With the pictures removed, the data below must be transcribed in full and exactly.

▶ Collected material
======

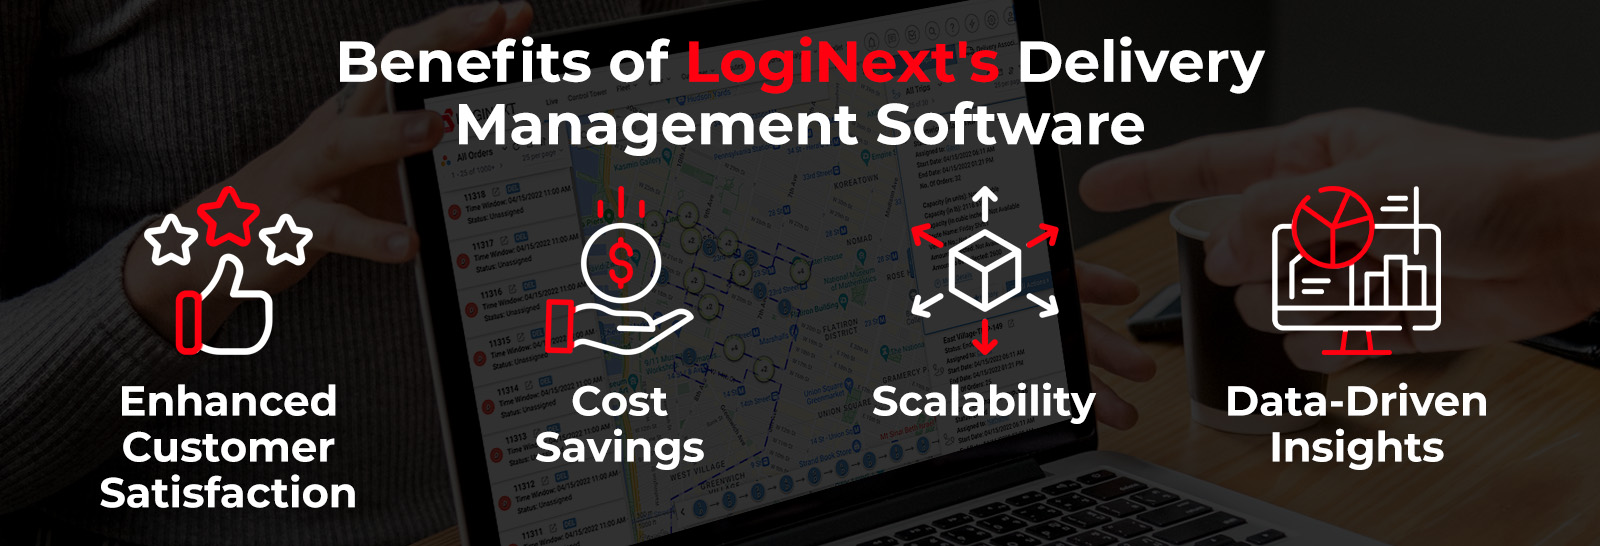 Benefits of LogiNext's Delivery Management Software
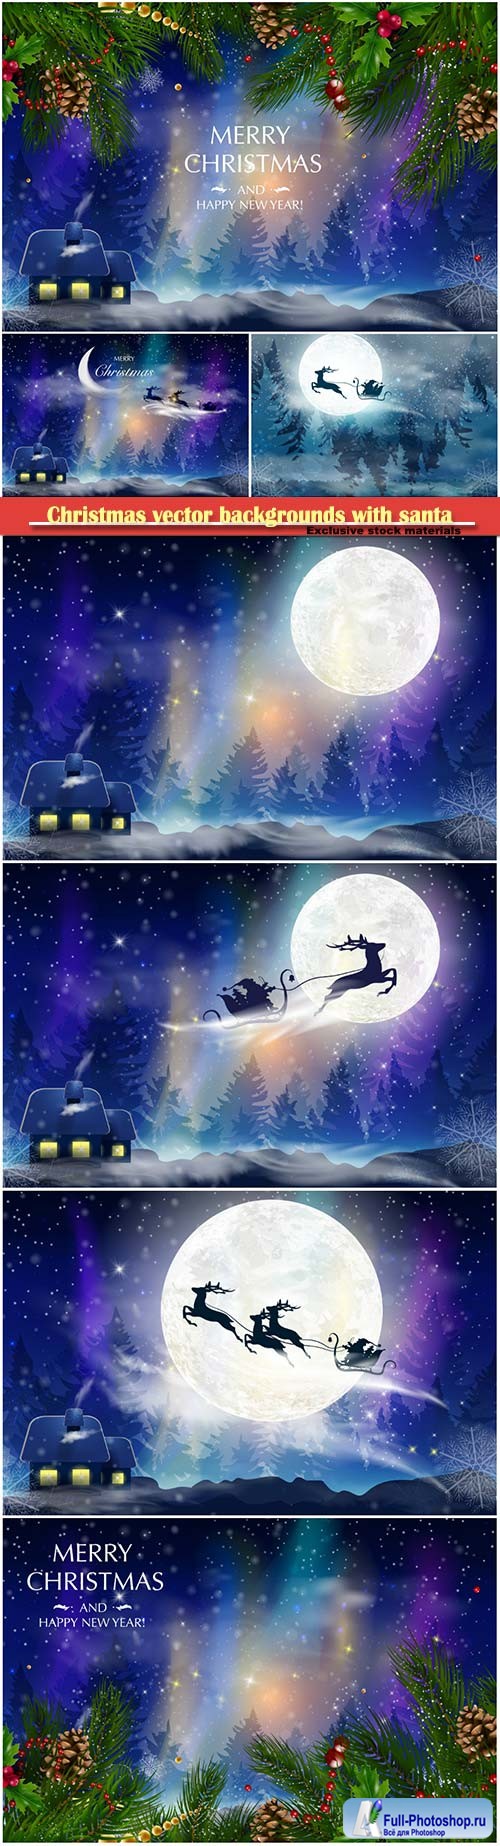 Christmas vector backgrounds with santa and deer flying through the sky
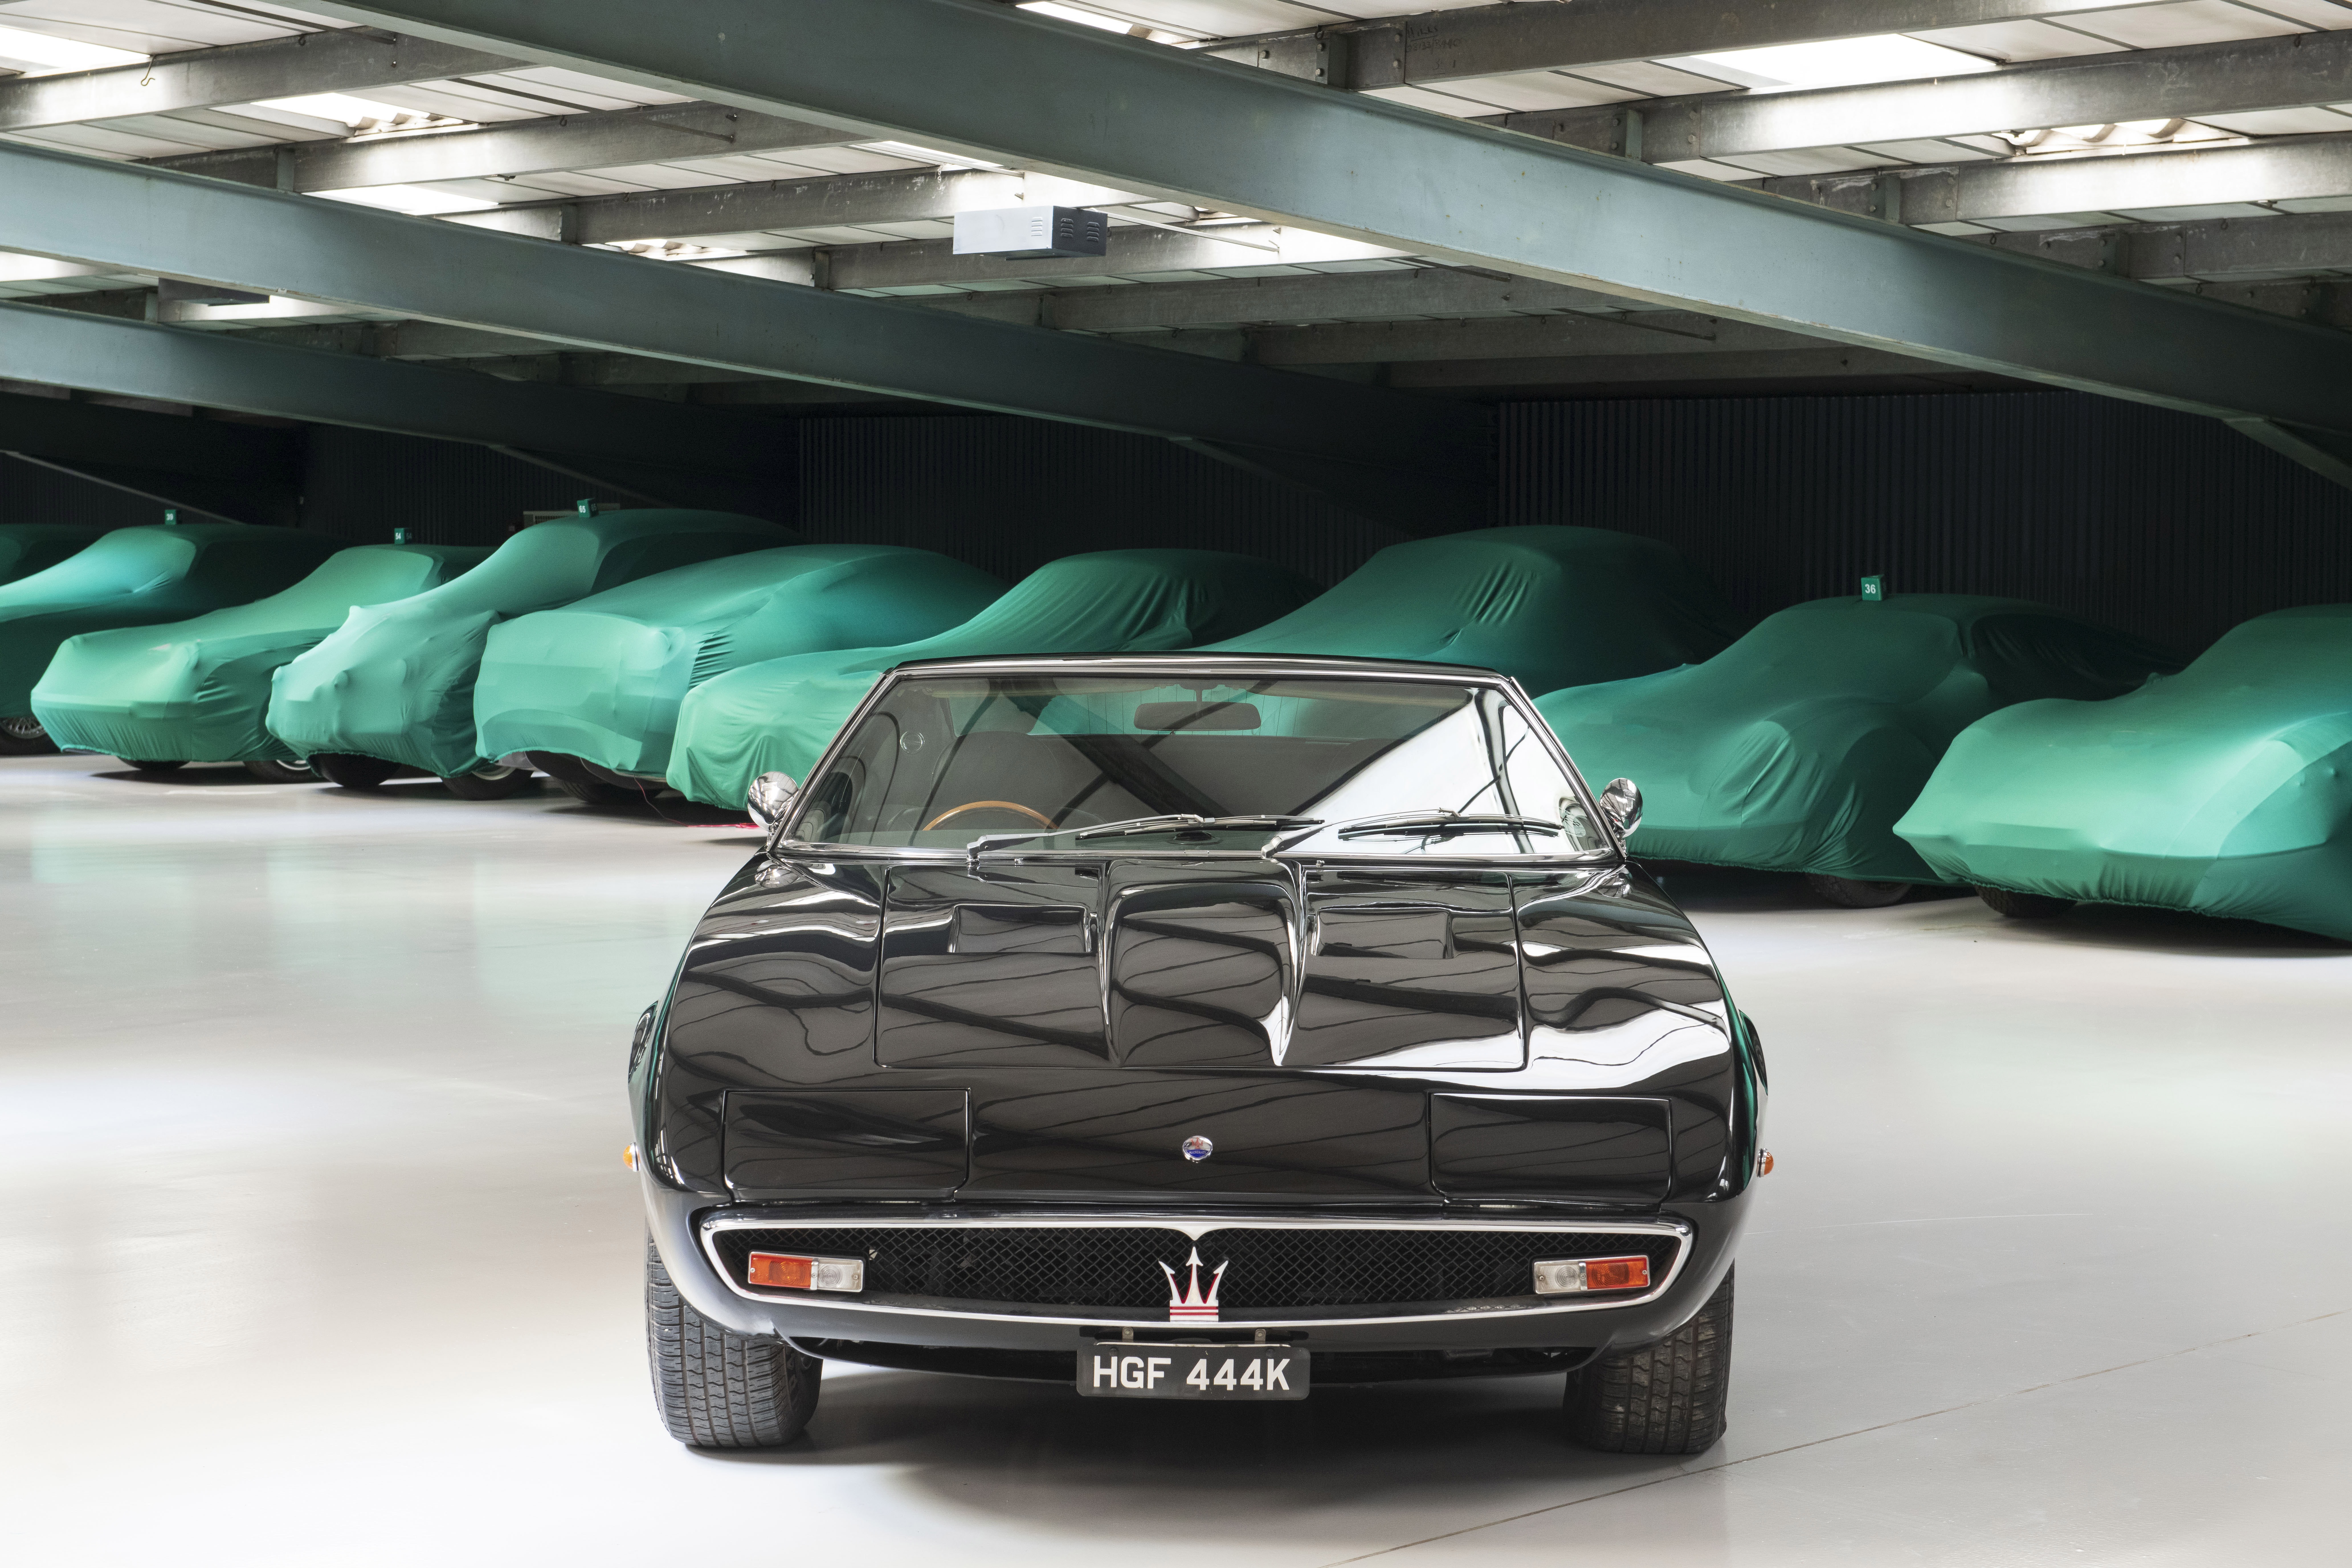 Offered from The Chester Collection,1972 Maserati Ghibli SS 4.9-Litre Coupé Chassis no. AM115/49...

======

▶ Response
 Benefits of LogiNext's Delivery Management Software
 Christmas vector backgrounds with santa and deer flying through the sky
 Offered from The Chester Collection,1972 Maserati Ghibli SS 4.9-Litre Coupé Chassis no. AM115/49...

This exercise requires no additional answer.